O Papa fez a sua observação no contexto de agradecer aos advogados pela sua “disposição para trabalhar para o desenvolvimento de um quadro normativo destinado a proteger o ambiente”. “Nunca se deve esquecer”, disse ele, “que as gerações futuras têm o direito de receber de nossas mãos um mundo belo e habitável, e que isso acarreta graves responsabilidades para com o mundo natural que recebemos das mãos benevolentes de Deus”.

Membros do grupo Papa Francisco se reuniram com presidentes representados de ordens e associações jurídicas europeias que assinaram uma declaração em 2022 pedindo aos membros da União Europeia e do Conselho da Europa que defendam e respeitem o estado de direito, especialmente em tempos de crise como a criada pela guerra da Rússia contra a Ucrânia.

“Estes tempos de crise social e económica, mas também de crise de identidade e segurança, desafiam as democracias do Ocidente a dar uma resposta eficaz, mantendo-se fiéis aos seus princípios”, em particular a promoção da democracia e o respeito pela liberdade e dignidade, disse.

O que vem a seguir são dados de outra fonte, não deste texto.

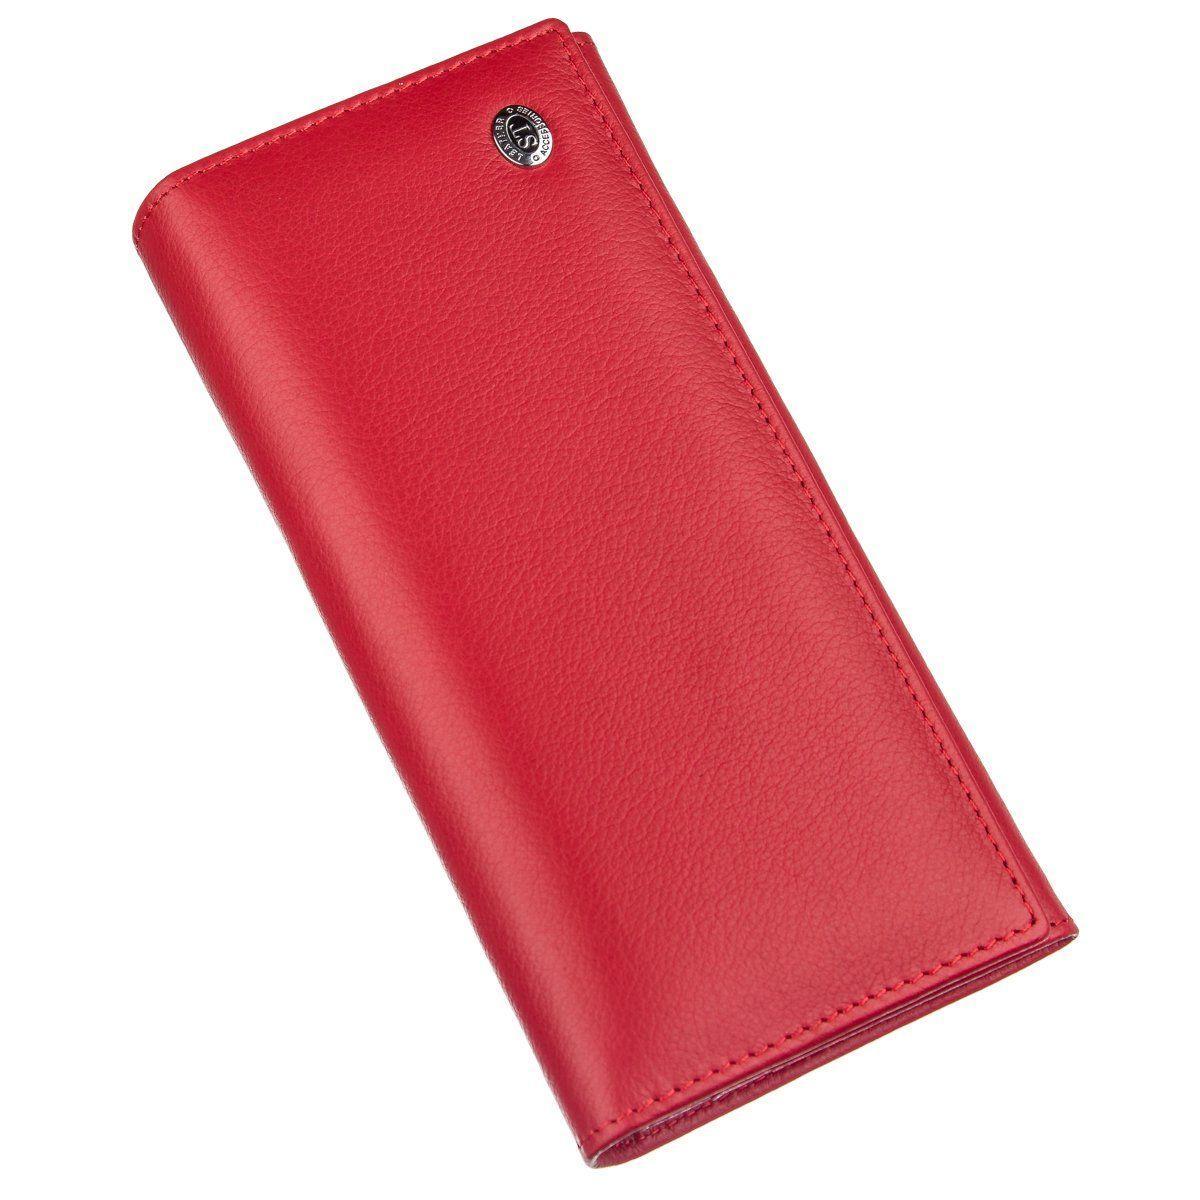 Женский кошелек ST Leather 20093 Красный

“O medo de distúrbios civis e atos de violência, a perspectiva de mudanças desestabilizadoras e a necessidade de agir com eficácia diante de situações de emergência podem levar à tentação de abrir exceções ou restringir – pelo menos provisoriamente – o estado de direito no esforço para encontrar soluções fáceis e imediatas”, disse o Papa.

“Por esta razão”, disse-lhes, “aprecio sua insistência, em uma de suas propostas, de que 'o estado de direito não deve mais estar sujeito às menores exceções, inclusive em tempos de crise'. está a serviço da pessoa humana e visa proteger a dignidade de cada um, que não admite exceções”.

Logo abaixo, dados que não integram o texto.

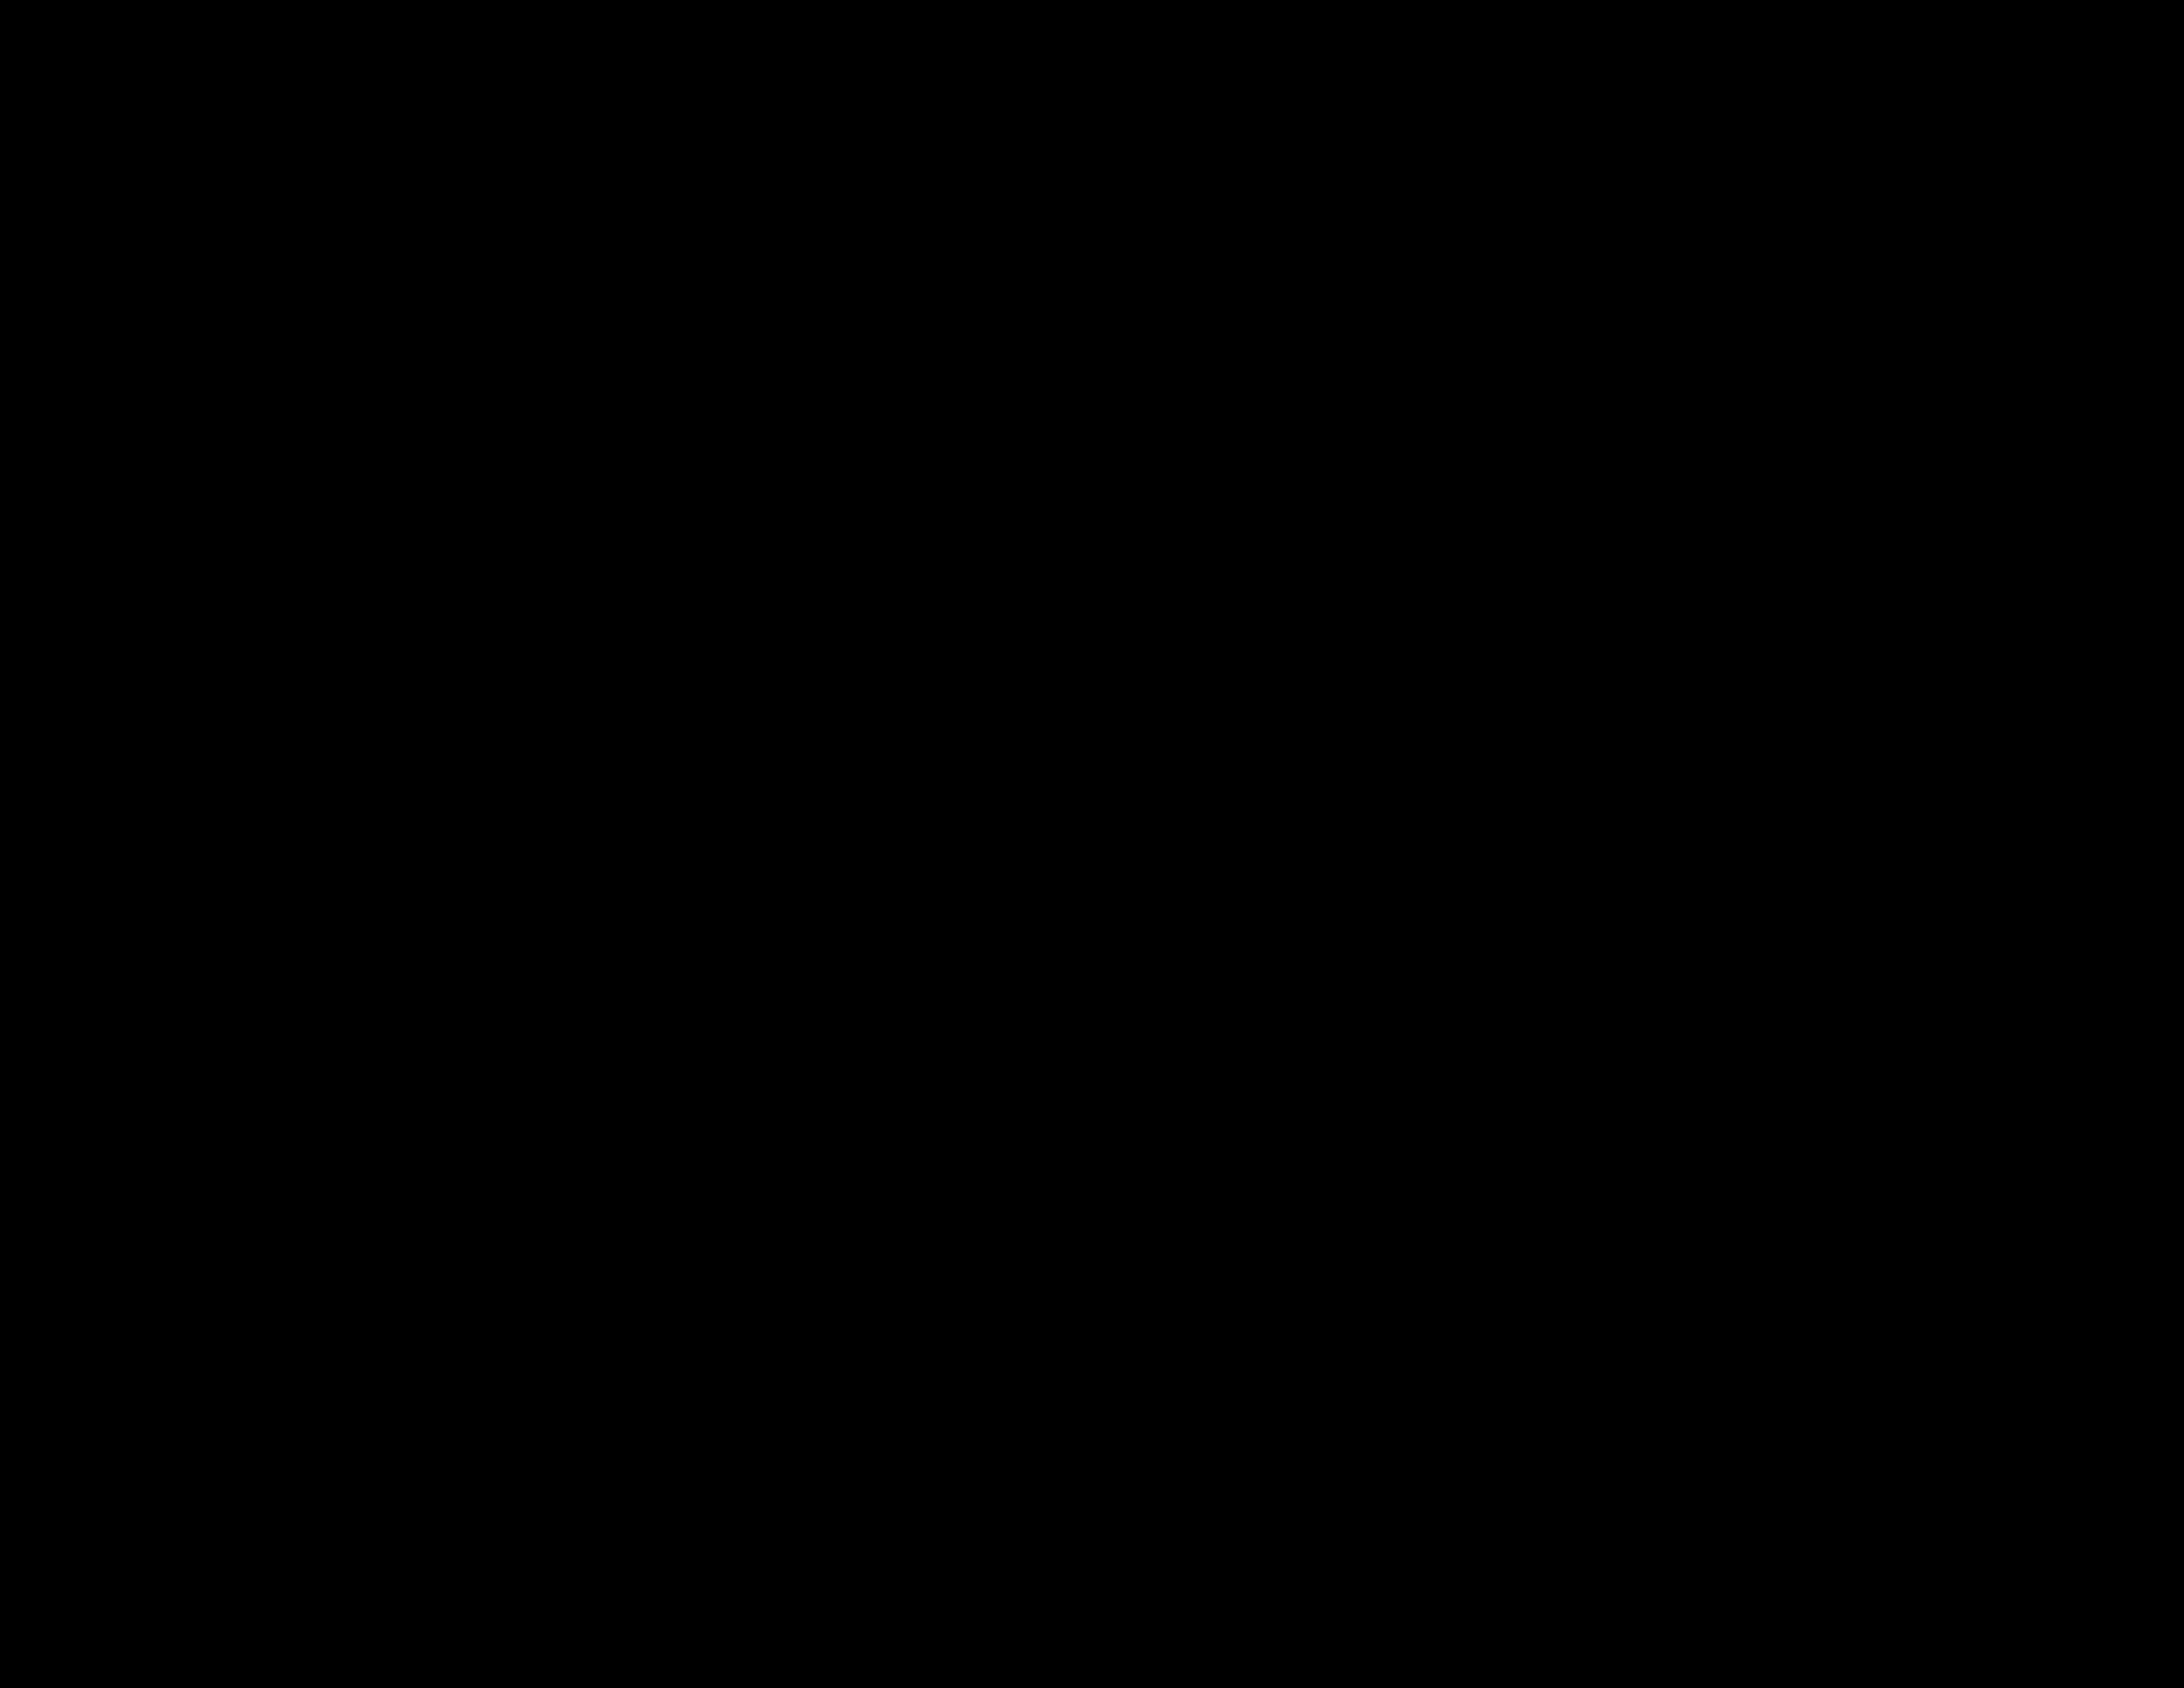 Ruby-logo-01.png

O Papa advertiu, no entanto, que as leis que promovem a dignidade da pessoa humana devem ser baseadas na verdade sobre os seres humanos, sua origem divina e seu destino final. “Sem o esforço constante de buscar a verdade sobre a pessoa humana, de acordo com o desígnio de Deus, o indivíduo se torna a medida de si mesmo e de suas ações”.

“Hoje, com efeito, assistimos a uma tendência para reivindicar cada vez mais direitos individuais, sem ter em conta o facto de cada ser humano estar inserido num contexto social em que os seus direitos e deveres se confundem com os dos outros. e com o bem comum da própria sociedade”, disse o Papa.